About the attention calculation in FASA

Question

About the attention calculation in FASA

csguoh opened this issue 10 months ago · comments

Hi, authors.
This work does inspire me a lot! I have a question about the Frequency domain-based self-attention solver
In this line, it seems that you directly use element-wise multiplication, however in classic attention, Matul (or @) is used.
I can not find any explanation in the paper, so could you give me some insight about this? thanks:D

ccyppl · Answer 1 · Tue Oct 10 2023 09:46:04 GMT+0800 (China Standard Time)

你好，作者们。
对于这里并没有使用矩阵乘法而是对应元素相乘。
我也对此问题感到困惑，期望得到解答，谢谢。

Hanzhou(Marco) Liu · Answer 2 · Fri Oct 13 2023 08:06:43 GMT+0800 (China Standard Time)

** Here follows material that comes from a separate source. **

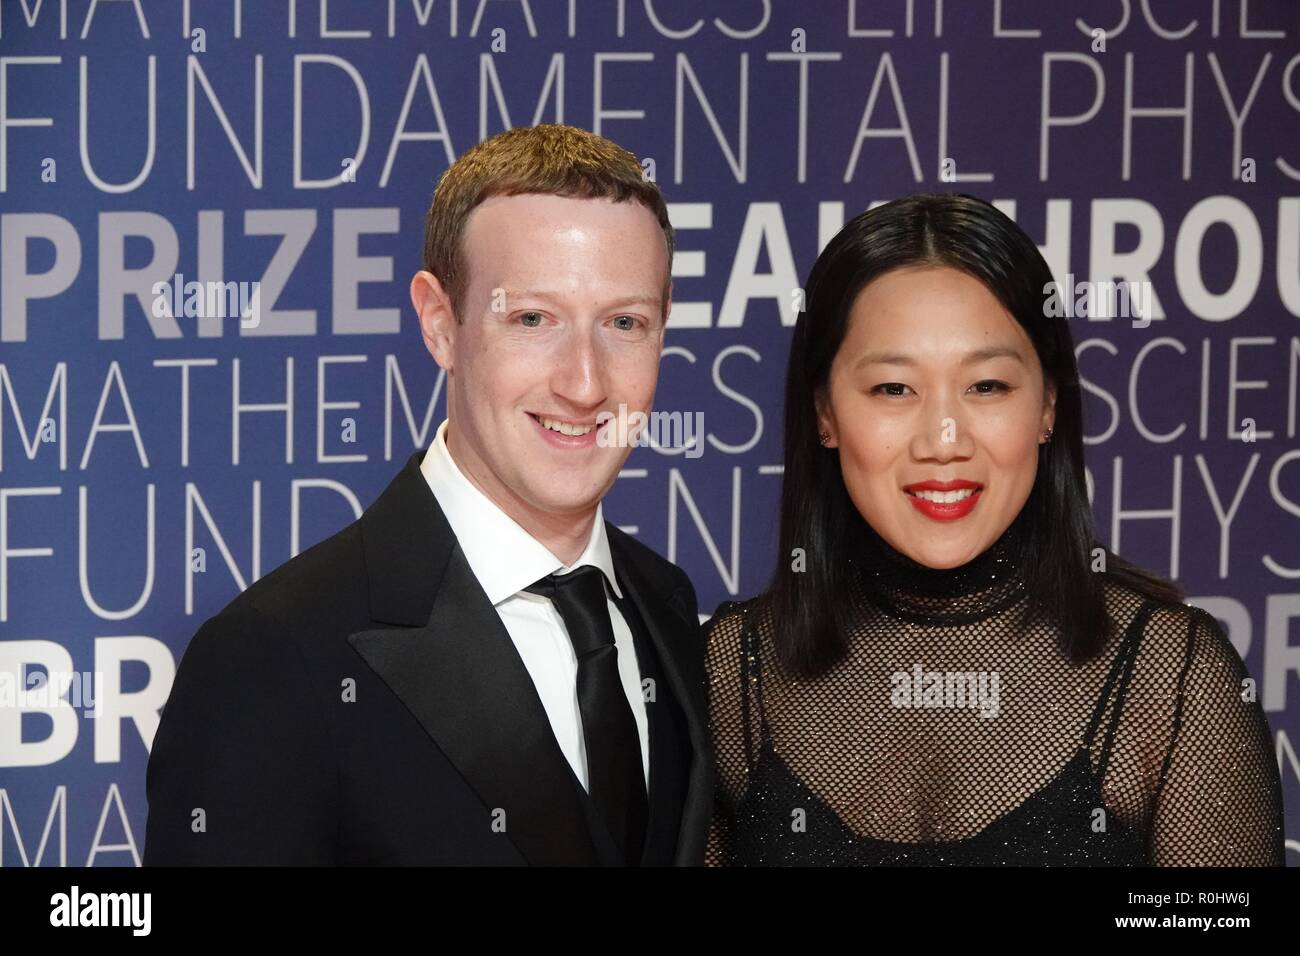 San Francisco, USA. 4th Nov, 2018. Founder and CEO of Facebook Mark Zuckerberg (L) and his wife Priscilla Chan attend the awarding ceremony of the 2019 Breakthrough Prize in San Francisco, the United States, on Nov. 4, 2018. The Breakthrough Prize Foundation held a grand gala Sunday night in northern California to award a total of 21 million U.S. dollars worth of prizes to the world's top scientists for their remarkable achievements in fundamental physics, life sciences, and mathematics. Credit: Wu Xiaoling/Xinhua/Alamy Live News Stock Photo

I guess the reason why the authors did the element-wise product is that multiplication in frequency domain is equivalent to conv in space domain.

Haodong Zhang · Answer 3 · Fri Oct 13 2023 11:04:11 GMT+0800 (China Standard Time)

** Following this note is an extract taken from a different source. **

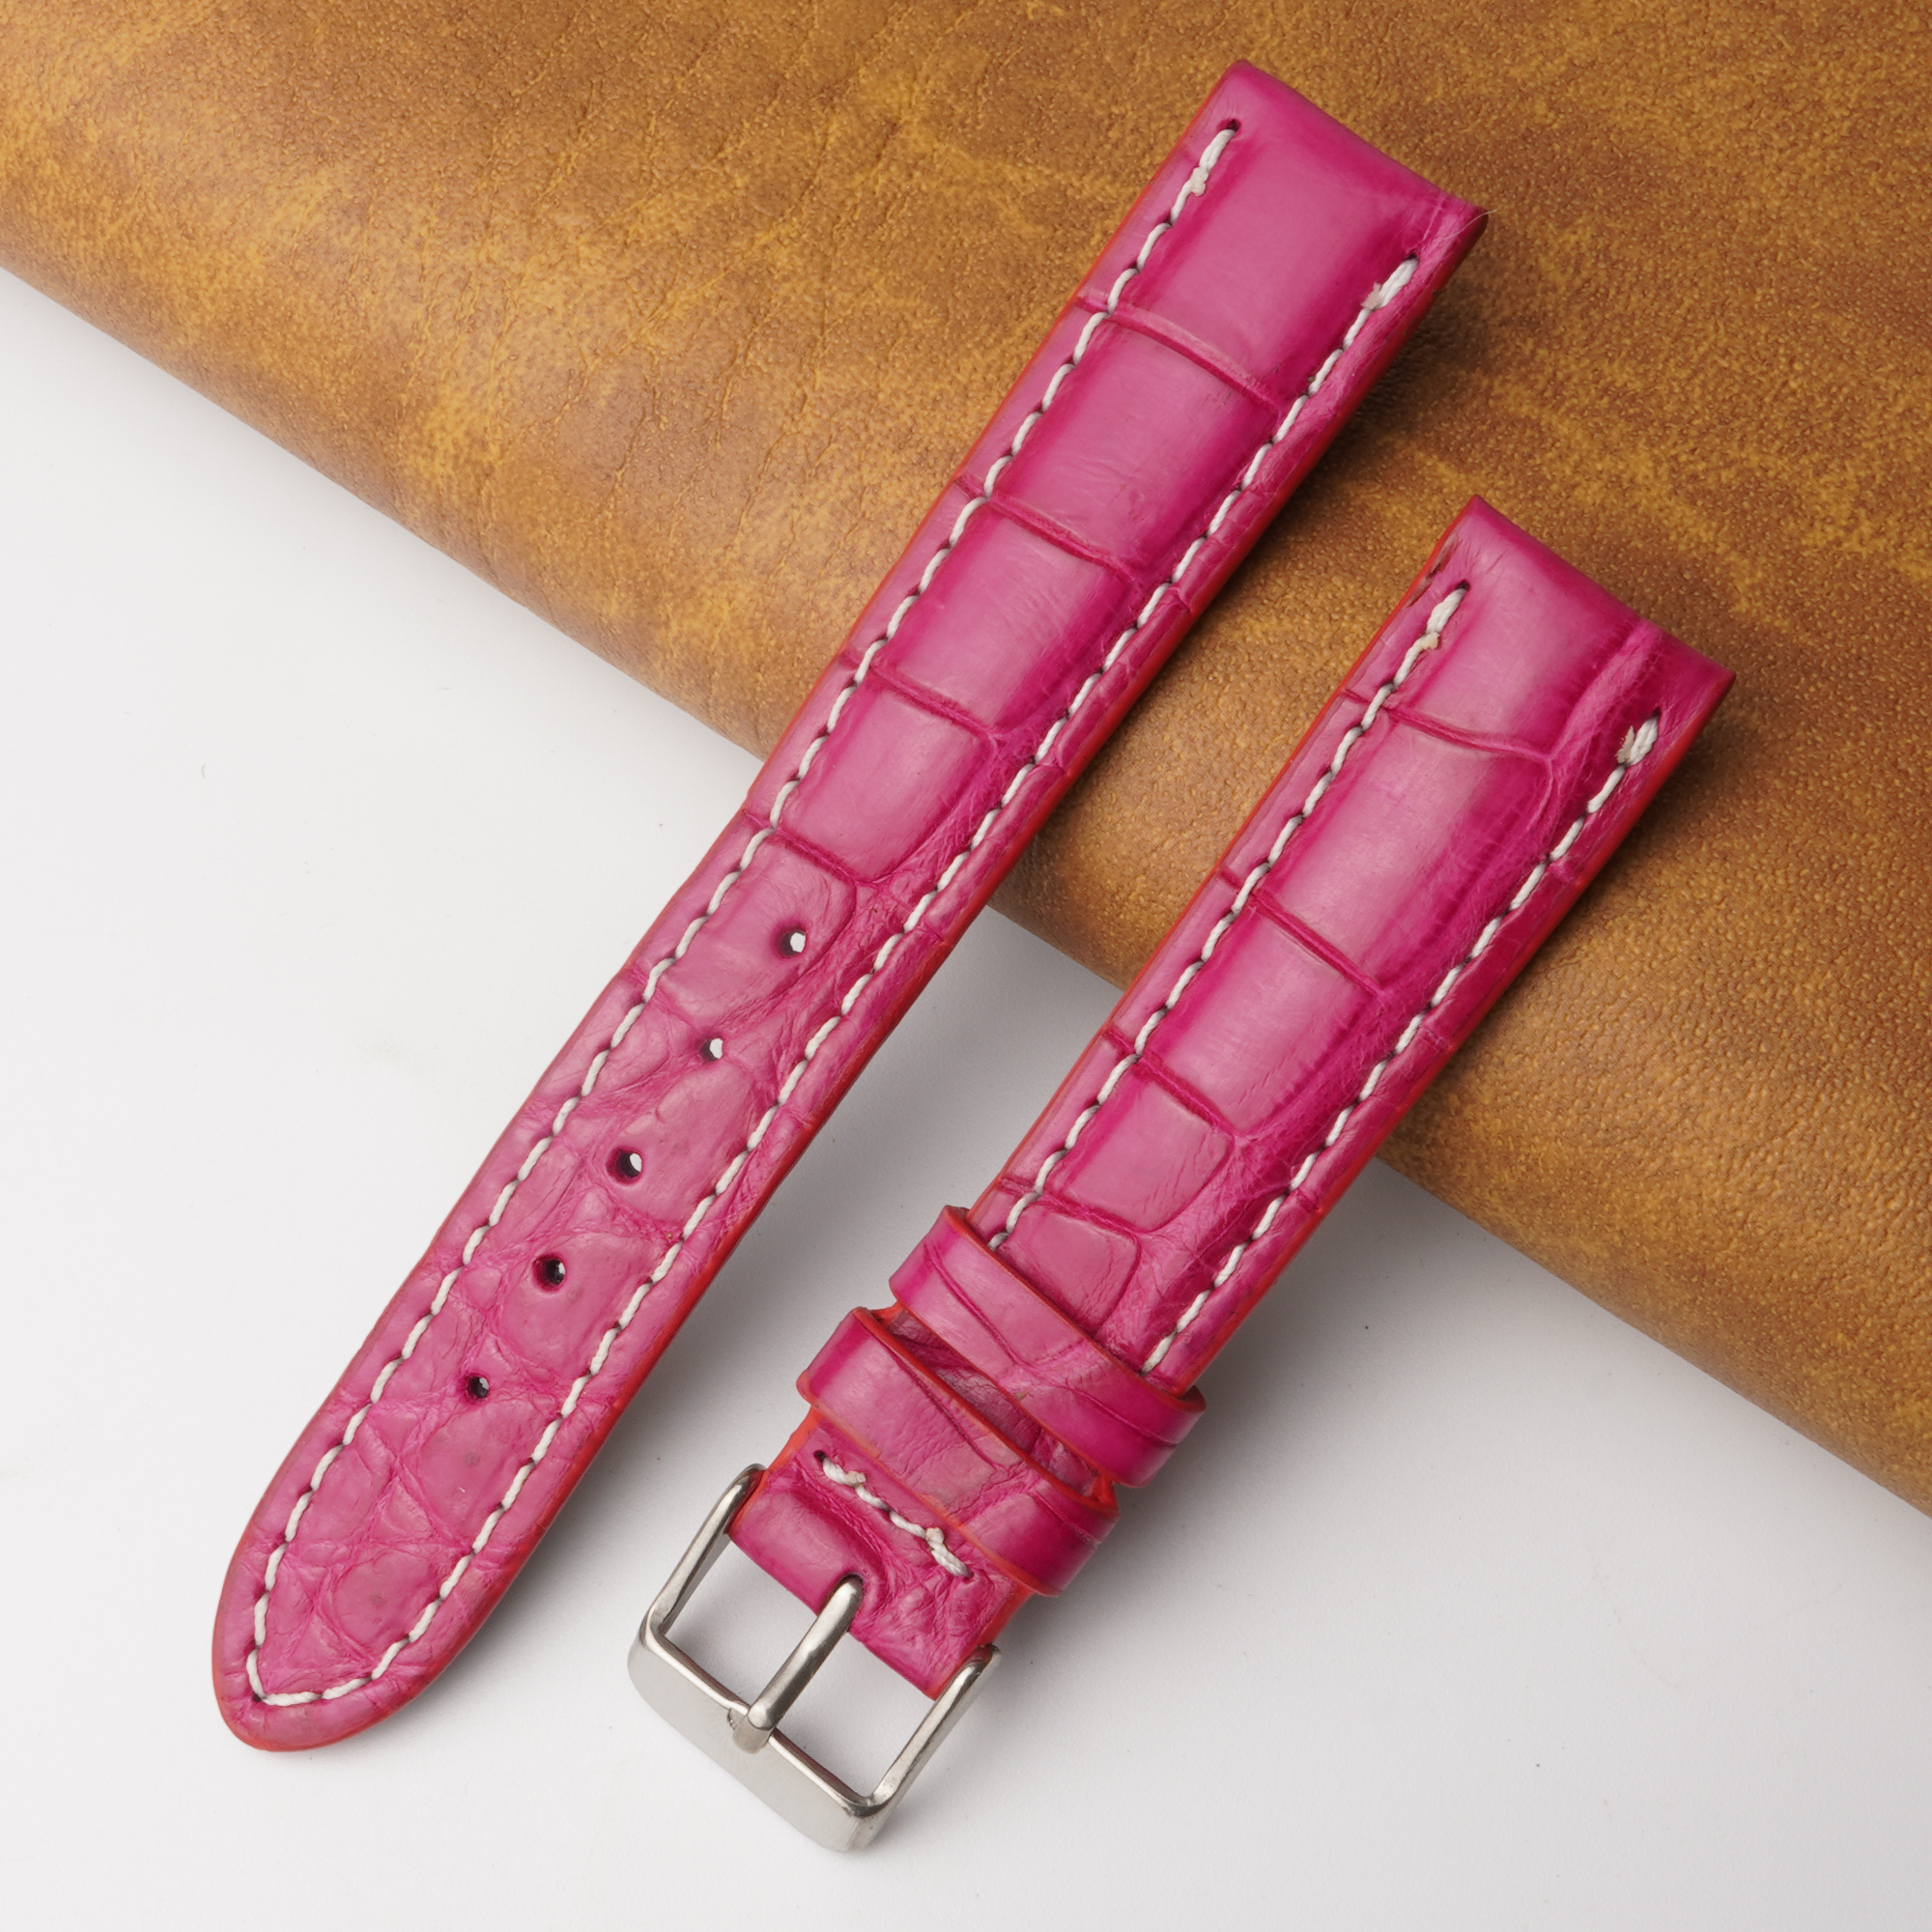 18mm Pink Unique Pattern Alligator Leather Watch Band For Men DH-226AC

But from the code, when the authors do the element-wise multiplication in this line, they have already come back to the spatial domain because of this line I think. The calculation is not in the frequency domain.

Hanzhou(Marco) Liu · Answer 4 · Fri Oct 13 2023 11:22:41 GMT+0800 (China Standard Time)

Just my opinion,
out = self.norm(out) # calculate the score matrix
output = v * out # multiply the v matrix by the score matrix